ソフトウェア開発とは、決められた仕様に従って動くものを「作ること」にフォーカスした工程・手段です。要件定義書や仕様書があり、その通りに実装・テストして納品すれば、基本的にゴールに到達します。一方でプロダクト開発は、事業成果やユーザーの課題解決という目的のもとに、ソフトウェア開発を手段として包含する、より広義の営みです。つまり「ソフトウェア開発=手段」「プロダクト開発=目的を含んだ活動全体」という包含関係にあり、プロダクト開発の中に複数回のソフトウェア開発(実装・検証・改善のサイクル)が含まれることも珍しくありません。この目的の違いを理解しないまま発注すると、「動くものは納品されたが、事業成果には結びつかなかった」という結果になりがちです。

Process

進め方・契約形態・評価指標の違い:ウォーターフォールと請負、アジャイルと準委任

目的の違いは、進め方・契約形態・評価指標の違いにも表れます。ソフトウェア開発は要件を事前に確定させるウォーターフォール的な進め方と相性がよく、契約形態も成果物と納期・品質を約束する請負契約が一般的です。評価指標は「納期通りに、仕様通りの品質で納品できたか」になります。一方プロダクト開発は、仮説検証を繰り返しながら方向性を調整していくアジャイル的な進め方が前提となり、契約形態も稼働に対して対価を払う準委任契約が選ばれやすくなります。評価指標も「KPIが改善したか」「PMF(プロダクトマーケットフィット)に近づいたか」といった事業成果側に置かれます。

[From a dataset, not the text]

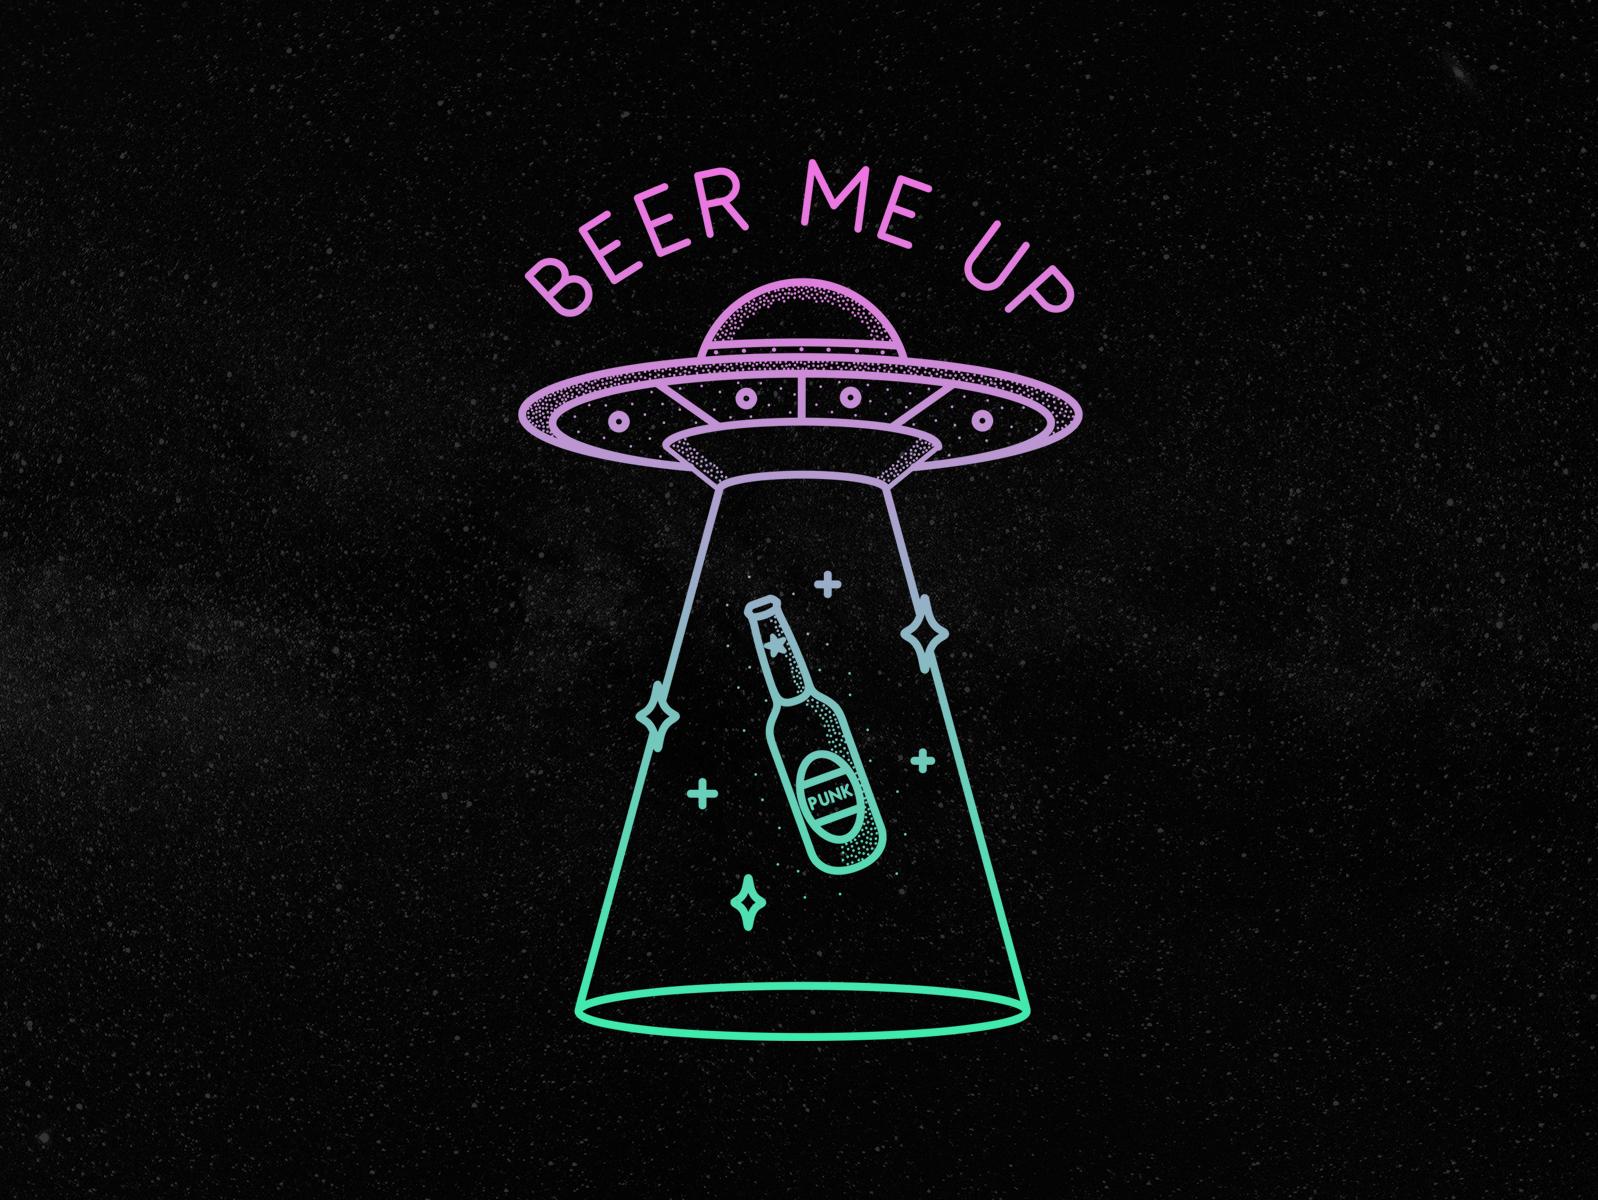 Beer Me Up 🛸🍺 spaceship space martian alien design branding badge identity logo design logo flash tattoo illustration dotwork flying saucer conspiracy alcohol beer aliens ufo

請負契約と準委任契約の違いを理解しておくことは、この段階でのミスマッチを避けるうえで重要です。実際、独立行政法人情報処理推進機構(IPA)「DX白書2023」によれば、アジャイルの原則とアプローチを組織のガバナンスに取り入れている日本企業はいずれの部門でも半数以下にとどまり、米国企業との差が大きいと報告されています(sbbit.jp掲載の解説記事も同調査を引用)。日本企業では今なお、計画を重視するソフトウェア開発的な進め方が根強く残っていることがうかがえます。

「うちはどちらのアプローチで進めるべきか分からない」という段階でもご相談いただけます。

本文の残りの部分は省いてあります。